START Data under study
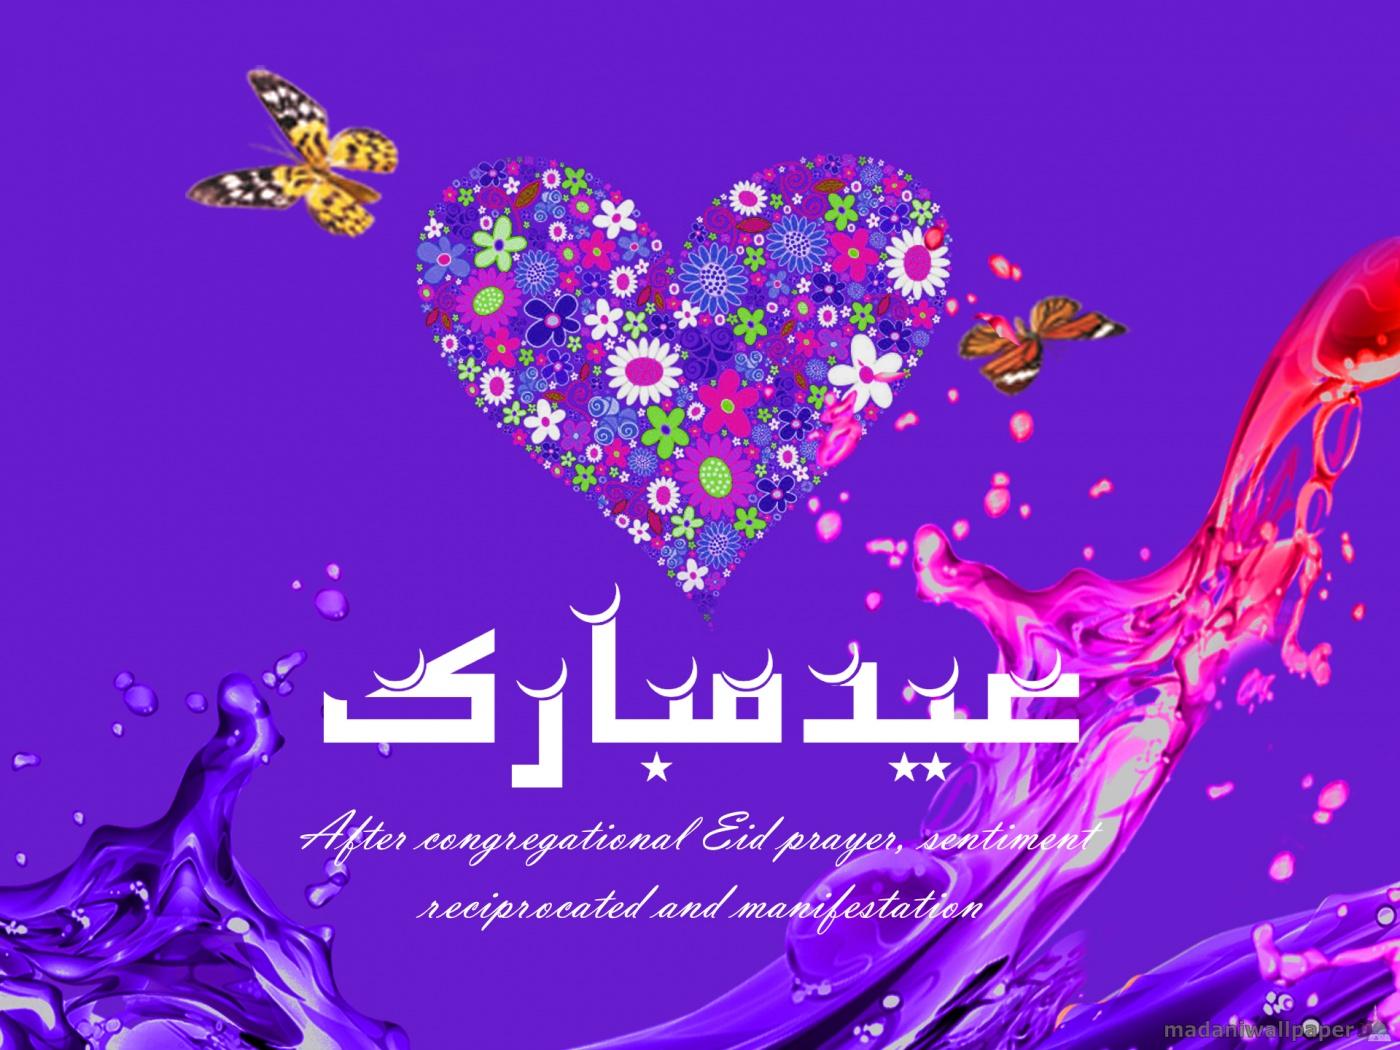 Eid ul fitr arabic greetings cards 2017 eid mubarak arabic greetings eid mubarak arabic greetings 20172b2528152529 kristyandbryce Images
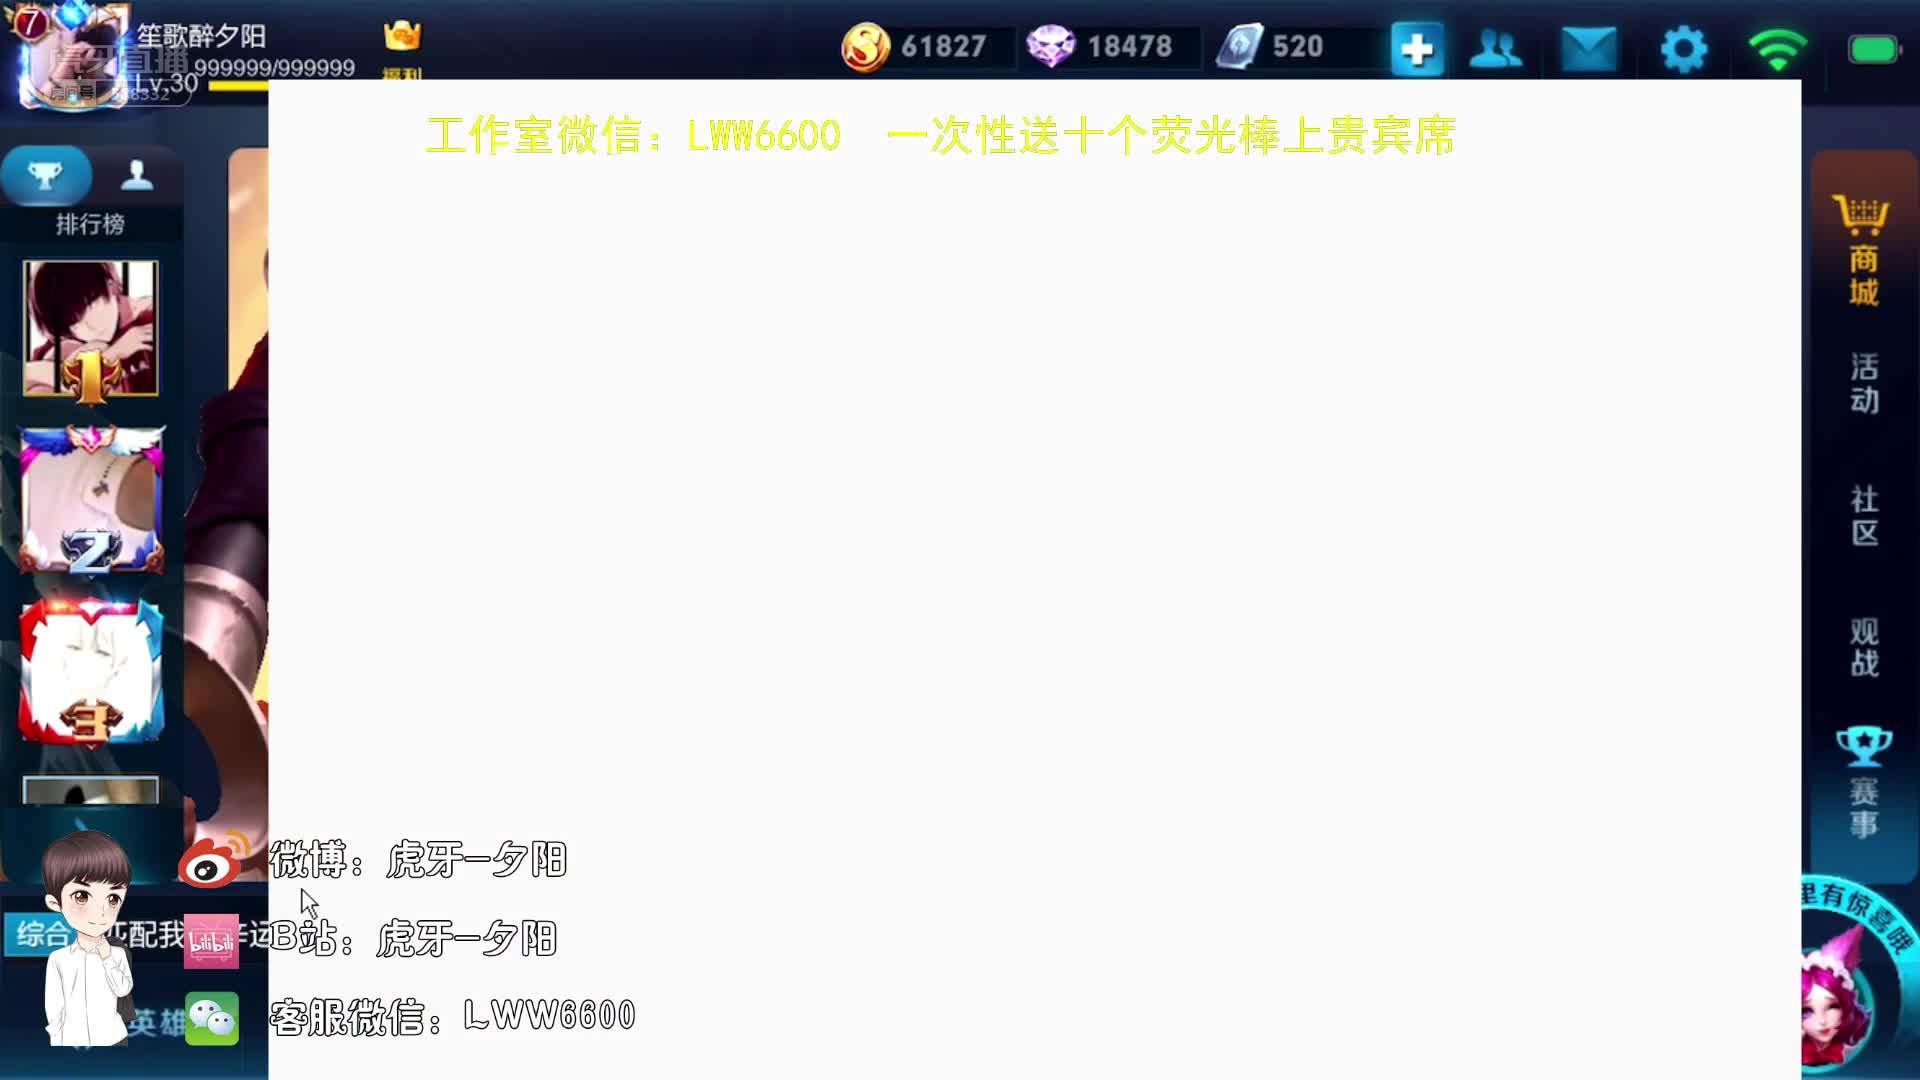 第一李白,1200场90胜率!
END Data under study
START Data under study
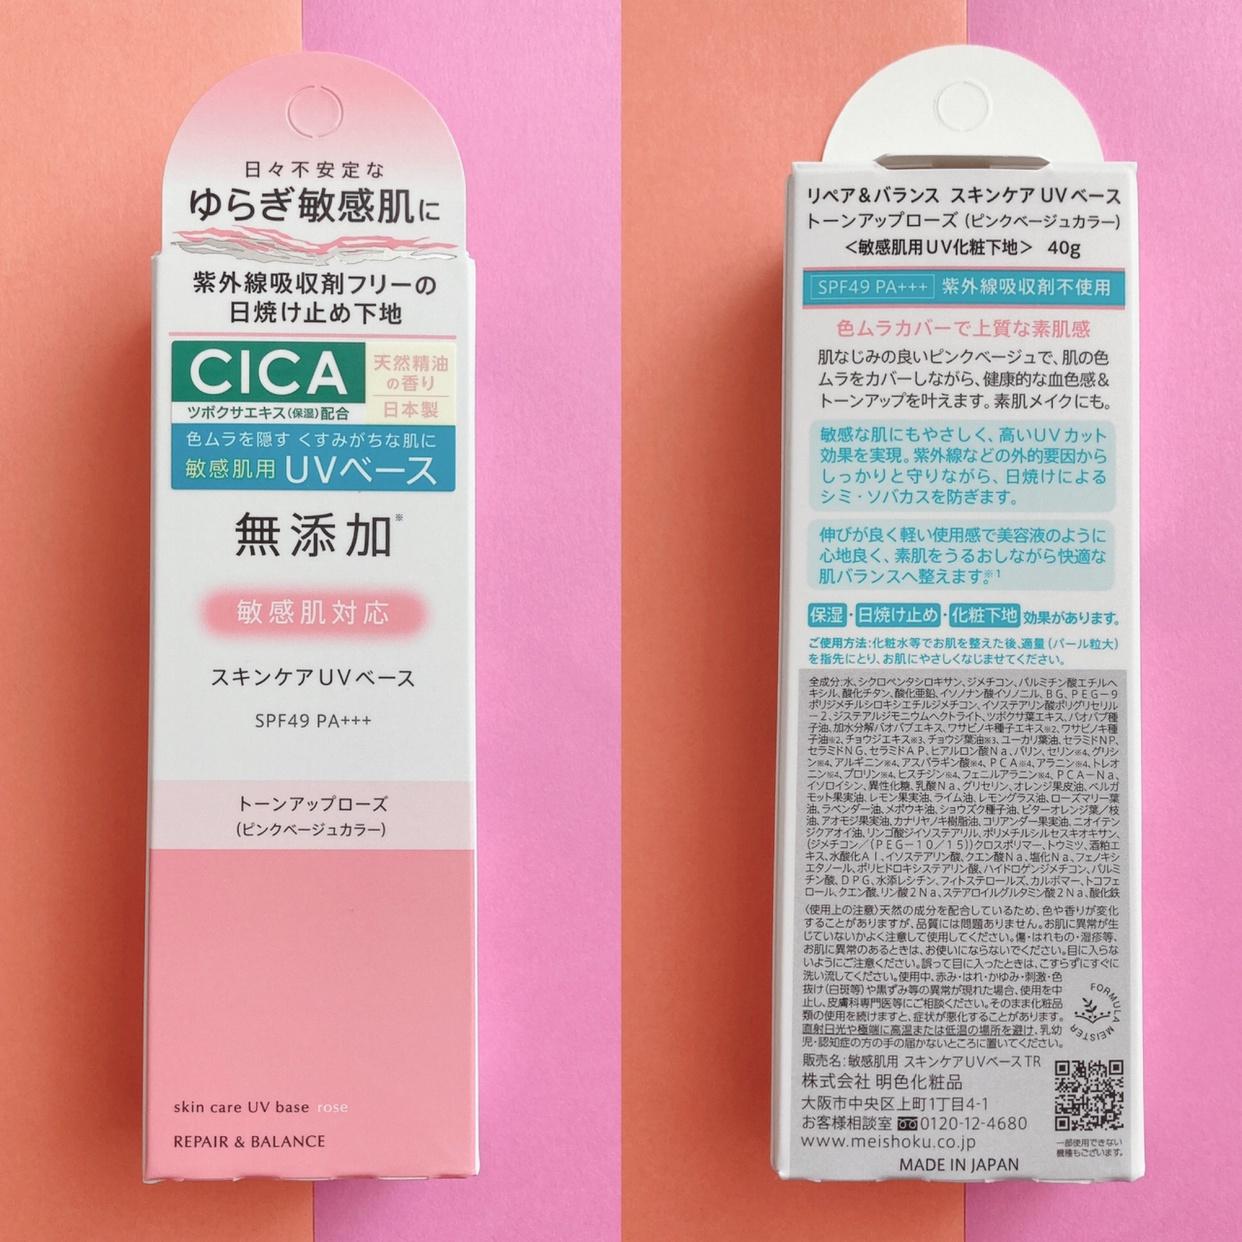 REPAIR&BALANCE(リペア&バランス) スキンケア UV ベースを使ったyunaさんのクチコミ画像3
END Data under study
## What needs to be done
Leaving pictures out, output the lines of the data above from the one with "Eid ul fitr" through the one with "第一李白,1200场90胜率!", word for word.

## Answer to the problem
 Eid ul fitr arabic greetings cards 2017 eid mubarak arabic greetings eid mubarak arabic greetings 20172b2528152529 kristyandbryce Images
 第一李白,1200场90胜率!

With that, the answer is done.